┏━━

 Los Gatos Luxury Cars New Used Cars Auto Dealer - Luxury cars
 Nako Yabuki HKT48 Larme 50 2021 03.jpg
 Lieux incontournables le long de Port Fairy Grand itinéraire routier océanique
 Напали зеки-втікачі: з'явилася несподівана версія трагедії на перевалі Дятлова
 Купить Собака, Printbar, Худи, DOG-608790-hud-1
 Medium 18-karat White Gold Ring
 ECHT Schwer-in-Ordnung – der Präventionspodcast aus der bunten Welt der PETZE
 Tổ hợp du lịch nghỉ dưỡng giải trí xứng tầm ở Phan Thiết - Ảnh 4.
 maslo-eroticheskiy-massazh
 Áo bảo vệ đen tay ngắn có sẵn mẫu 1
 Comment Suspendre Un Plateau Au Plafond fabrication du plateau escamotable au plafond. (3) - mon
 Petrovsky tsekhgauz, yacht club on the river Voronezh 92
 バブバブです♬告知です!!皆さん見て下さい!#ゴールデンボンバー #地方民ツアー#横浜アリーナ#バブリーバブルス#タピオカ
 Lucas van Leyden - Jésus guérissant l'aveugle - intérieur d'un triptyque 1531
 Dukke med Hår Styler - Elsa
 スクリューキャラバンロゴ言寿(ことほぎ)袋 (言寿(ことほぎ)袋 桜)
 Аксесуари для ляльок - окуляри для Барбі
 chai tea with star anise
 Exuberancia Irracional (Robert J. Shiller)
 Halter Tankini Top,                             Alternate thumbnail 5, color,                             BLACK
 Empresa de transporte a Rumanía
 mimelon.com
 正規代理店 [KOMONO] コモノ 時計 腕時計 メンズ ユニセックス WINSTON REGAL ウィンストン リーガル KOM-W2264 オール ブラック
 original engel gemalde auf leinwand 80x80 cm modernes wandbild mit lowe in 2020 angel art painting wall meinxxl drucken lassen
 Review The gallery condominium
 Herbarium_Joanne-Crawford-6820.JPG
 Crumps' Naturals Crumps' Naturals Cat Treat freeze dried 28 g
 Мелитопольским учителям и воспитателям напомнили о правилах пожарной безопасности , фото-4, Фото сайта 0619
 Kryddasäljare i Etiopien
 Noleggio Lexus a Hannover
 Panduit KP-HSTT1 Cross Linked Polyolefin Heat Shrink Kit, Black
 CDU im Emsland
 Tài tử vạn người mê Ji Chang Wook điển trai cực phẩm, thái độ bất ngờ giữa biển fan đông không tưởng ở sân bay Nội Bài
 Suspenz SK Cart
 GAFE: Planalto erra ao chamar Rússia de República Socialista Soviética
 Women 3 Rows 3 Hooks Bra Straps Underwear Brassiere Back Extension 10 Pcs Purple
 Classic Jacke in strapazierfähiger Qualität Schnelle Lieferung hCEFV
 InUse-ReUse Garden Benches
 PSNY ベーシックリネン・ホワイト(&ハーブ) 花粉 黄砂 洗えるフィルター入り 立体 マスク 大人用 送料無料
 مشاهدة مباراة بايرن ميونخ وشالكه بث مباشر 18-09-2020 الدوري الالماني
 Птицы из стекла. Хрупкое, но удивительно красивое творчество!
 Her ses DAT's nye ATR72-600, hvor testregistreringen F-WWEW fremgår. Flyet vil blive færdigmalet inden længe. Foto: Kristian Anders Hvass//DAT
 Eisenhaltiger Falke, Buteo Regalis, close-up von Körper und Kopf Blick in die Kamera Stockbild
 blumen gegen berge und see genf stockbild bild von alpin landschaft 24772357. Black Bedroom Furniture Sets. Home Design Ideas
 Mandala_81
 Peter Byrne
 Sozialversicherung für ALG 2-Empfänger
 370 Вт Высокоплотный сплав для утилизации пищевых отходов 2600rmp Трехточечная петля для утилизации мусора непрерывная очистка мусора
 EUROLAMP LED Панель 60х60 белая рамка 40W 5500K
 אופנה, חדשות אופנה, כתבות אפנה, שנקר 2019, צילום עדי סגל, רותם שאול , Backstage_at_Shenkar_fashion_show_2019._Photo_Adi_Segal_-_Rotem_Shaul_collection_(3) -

┗━━

The complete set of entries above must be reproduced verbatim.

 Los Gatos Luxury Cars New Used Cars Auto Dealer - Luxury cars
 Nako Yabuki HKT48 Larme 50 2021 03.jpg
 Lieux incontournables le long de Port Fairy Grand itinéraire routier océanique
 Напали зеки-втікачі: з'явилася несподівана версія трагедії на перевалі Дятлова
 Купить Собака, Printbar, Худи, DOG-608790-hud-1
 Medium 18-karat White Gold Ring
 ECHT Schwer-in-Ordnung – der Präventionspodcast aus der bunten Welt der PETZE
 Tổ hợp du lịch nghỉ dưỡng giải trí xứng tầm ở Phan Thiết - Ảnh 4.
 maslo-eroticheskiy-massazh
 Áo bảo vệ đen tay ngắn có sẵn mẫu 1
 Comment Suspendre Un Plateau Au Plafond fabrication du plateau escamotable au plafond. (3) - mon
 Petrovsky tsekhgauz, yacht club on the river Voronezh 92
 バブバブです♬告知です!!皆さん見て下さい!#ゴールデンボンバー #地方民ツアー#横浜アリーナ#バブリーバブルス#タピオカ
 Lucas van Leyden - Jésus guérissant l'aveugle - intérieur d'un triptyque 1531
 Dukke med Hår Styler - Elsa
 スクリューキャラバンロゴ言寿(ことほぎ)袋 (言寿(ことほぎ)袋 桜)
 Аксесуари для ляльок - окуляри для Барбі
 chai tea with star anise
 Exuberancia Irracional (Robert J. Shiller)
 Halter Tankini Top,                             Alternate thumbnail 5, color,                             BLACK
 Empresa de transporte a Rumanía
 mimelon.com
 正規代理店 [KOMONO] コモノ 時計 腕時計 メンズ ユニセックス WINSTON REGAL ウィンストン リーガル KOM-W2264 オール ブラック
 original engel gemalde auf leinwand 80x80 cm modernes wandbild mit lowe in 2020 angel art painting wall meinxxl drucken lassen
 Review The gallery condominium
 Herbarium_Joanne-Crawford-6820.JPG
 Crumps' Naturals Crumps' Naturals Cat Treat freeze dried 28 g
 Мелитопольским учителям и воспитателям напомнили о правилах пожарной безопасности , фото-4, Фото сайта 0619
 Kryddasäljare i Etiopien
 Noleggio Lexus a Hannover
 Panduit KP-HSTT1 Cross Linked Polyolefin Heat Shrink Kit, Black
 CDU im Emsland
 Tài tử vạn người mê Ji Chang Wook điển trai cực phẩm, thái độ bất ngờ giữa biển fan đông không tưởng ở sân bay Nội Bài
 Suspenz SK Cart
 GAFE: Planalto erra ao chamar Rússia de República Socialista Soviética
 Women 3 Rows 3 Hooks Bra Straps Underwear Brassiere Back Extension 10 Pcs Purple
 Classic Jacke in strapazierfähiger Qualität Schnelle Lieferung hCEFV
 InUse-ReUse Garden Benches
 PSNY ベーシックリネン・ホワイト(&ハーブ) 花粉 黄砂 洗えるフィルター入り 立体 マスク 大人用 送料無料
 مشاهدة مباراة بايرن ميونخ وشالكه بث مباشر 18-09-2020 الدوري الالماني
 Птицы из стекла. Хрупкое, но удивительно красивое творчество!
 Her ses DAT's nye ATR72-600, hvor testregistreringen F-WWEW fremgår. Flyet vil blive færdigmalet inden længe. Foto: Kristian Anders Hvass//DAT
 Eisenhaltiger Falke, Buteo Regalis, close-up von Körper und Kopf Blick in die Kamera Stockbild
 blumen gegen berge und see genf stockbild bild von alpin landschaft 24772357. Black Bedroom Furniture Sets. Home Design Ideas
 Mandala_81
 Peter Byrne
 Sozialversicherung für ALG 2-Empfänger
 370 Вт Высокоплотный сплав для утилизации пищевых отходов 2600rmp Трехточечная петля для утилизации мусора непрерывная очистка мусора
 EUROLAMP LED Панель 60х60 белая рамка 40W 5500K
 אופנה, חדשות אופנה, כתבות אפנה, שנקר 2019, צילום עדי סגל, רותם שאול , Backstage_at_Shenkar_fashion_show_2019._Photo_Adi_Segal_-_Rotem_Shaul_collection_(3) -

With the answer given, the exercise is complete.